Degenerated endplate appears with cheese-like morphology and sensory innervation, contributing to low back pain and subsequently inducing intervertebral disc degeneration in the aged population.¹ However, the origin and development mechanism of the cheese-like morphology remain unclear. Here in this study, we report lumbar instability induced cartilage endplate remodeling is responsible for this pathological change. Transcriptome sequencing of the endplate chondrocytes under abnormal stress revealed that the Hippo signaling was key for this process. Activation of Hippo signaling or knockout of the key gene Yap1 in the cartilage endplate severed the cheese-like morphological change and disc degeneration after lumbar spine instability (LSI) surgery, while blocking the Hippo signaling reversed this process. Meanwhile, transcriptome sequencing data also showed osteoclast differentiation related gene set expression was up regulated in the endplate chondrocytes under abnormal mechanical stress, which was activated after the Hippo signaling. Among the discovered osteoclast differentiation gene set, CCL3 was found to be largely released from the chondrocytes under abnormal stress, which functioned to recruit and promote osteoclasts formation for cartilage endplate remodeling. Over-expression of Yap1 inhibited CCL3 transcription by blocking its promoter, which then reversed the endplate from remodeling to the cheese-like morphology. Finally, LSI-induced cartilage endplate remodeling was successfully rescued by local injection of an AAV5 wrapped Yap1 over-expression plasmid at the site. These findings suggest that the Hippo signaling induced osteoclast gene set activation in the cartilage endplate is a potential new target for the management of instability induced low back pain and lumbar degeneration.

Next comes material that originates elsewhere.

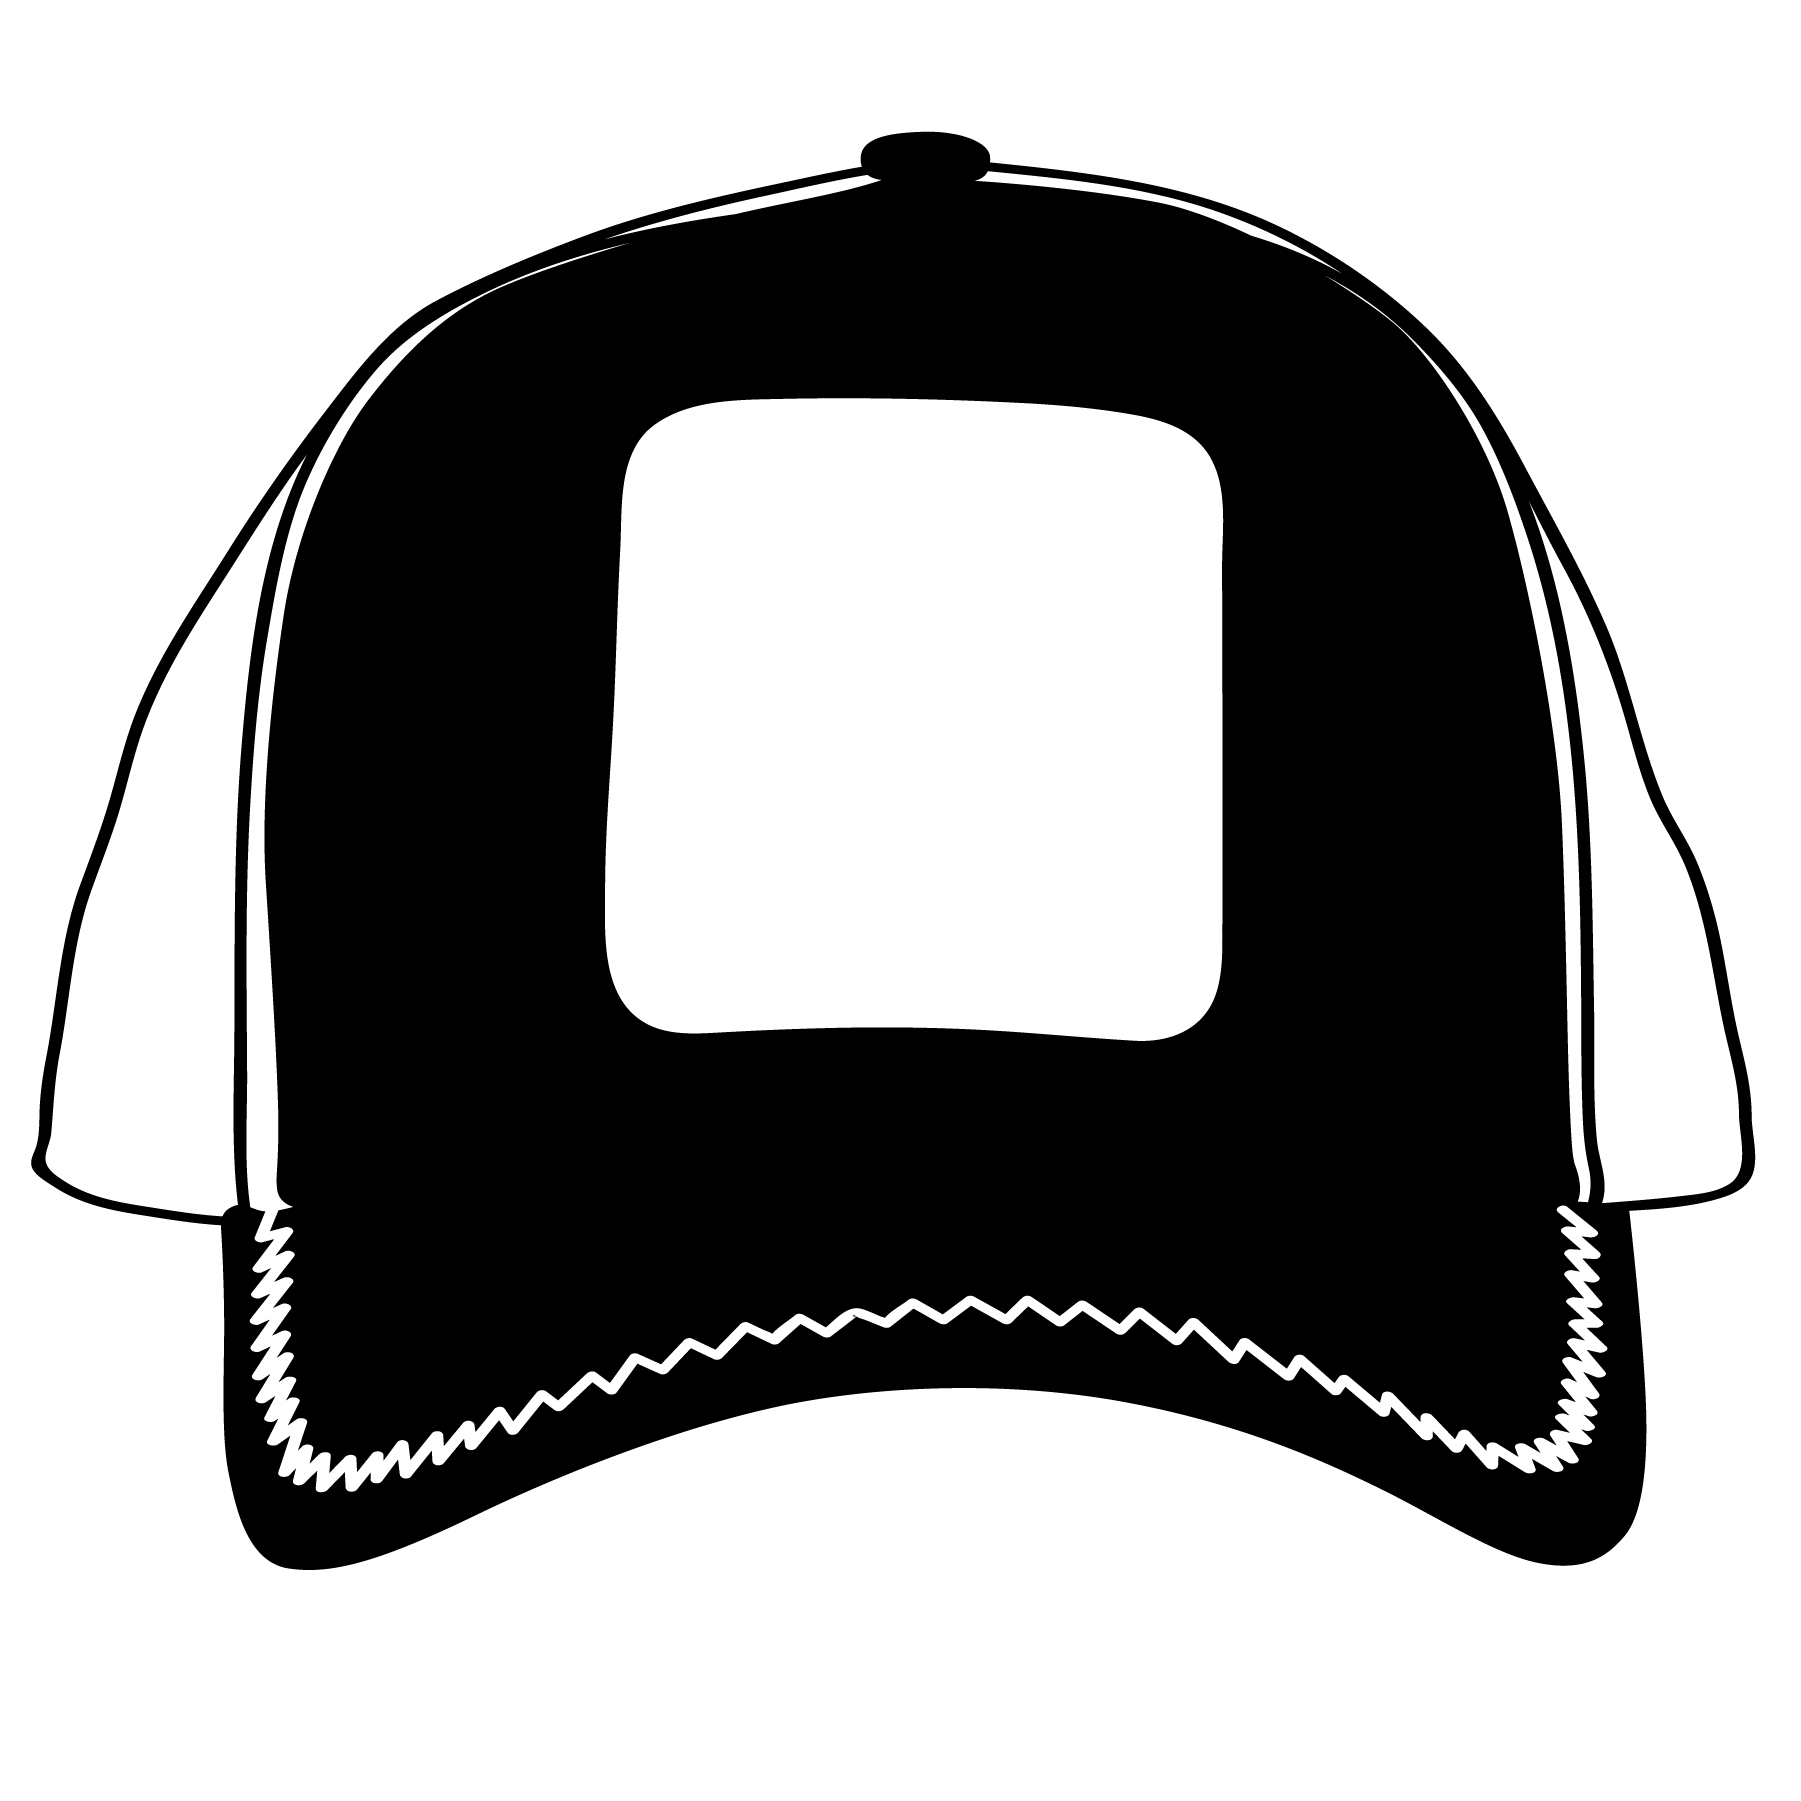 Download baseball cap - Download Free Vectors, Clipart Graphics ...

退化的终板呈现奶酪样形态和感觉神经支配，导致老年人群腰痛并随后诱发椎间盘退变。 ¹然而，奶酪样形态的起源和发展机制仍不清楚。在这项研究中，我们报告了腰椎不稳定引起的软骨终板重塑是造成这种病理变化的原因。对异常应激下终板软骨细胞的转录组测序表明，Hippo 信号传导是这一过程的关键。激活Hippo信号或敲除软骨终板中的关键基因Yap1可以切断腰椎不稳定（LSI）手术后奶酪样的形态变化和椎间盘退变，而阻断Hippo信号则逆转了这一过程。同时，转录组测序数据还显示，在异常机械应力下，终板软骨细胞中破骨细胞分化相关基因组的表达上调，并在Hippo信号传导后被激活。在已发现的破骨细胞分化基因组中，CCL3被发现在异常应激下从软骨细胞中大量释放，其功能是招募和促进破骨细胞形成以进行软骨终板重塑。 Yap1 的过度表达通过阻断其启动子来抑制 CCL3 转录，从而逆转终板重塑为奶酪样形态。最后，通过在该位点局部注射 AAV5 包裹的 Yap1 过表达质粒，成功挽救了 LSI 诱导的软骨终板重塑。 这些发现表明，Hippo 信号诱导软骨终板中的破骨细胞基因组激活是治疗不稳定引起的腰痛和腰椎退变的潜在新靶点。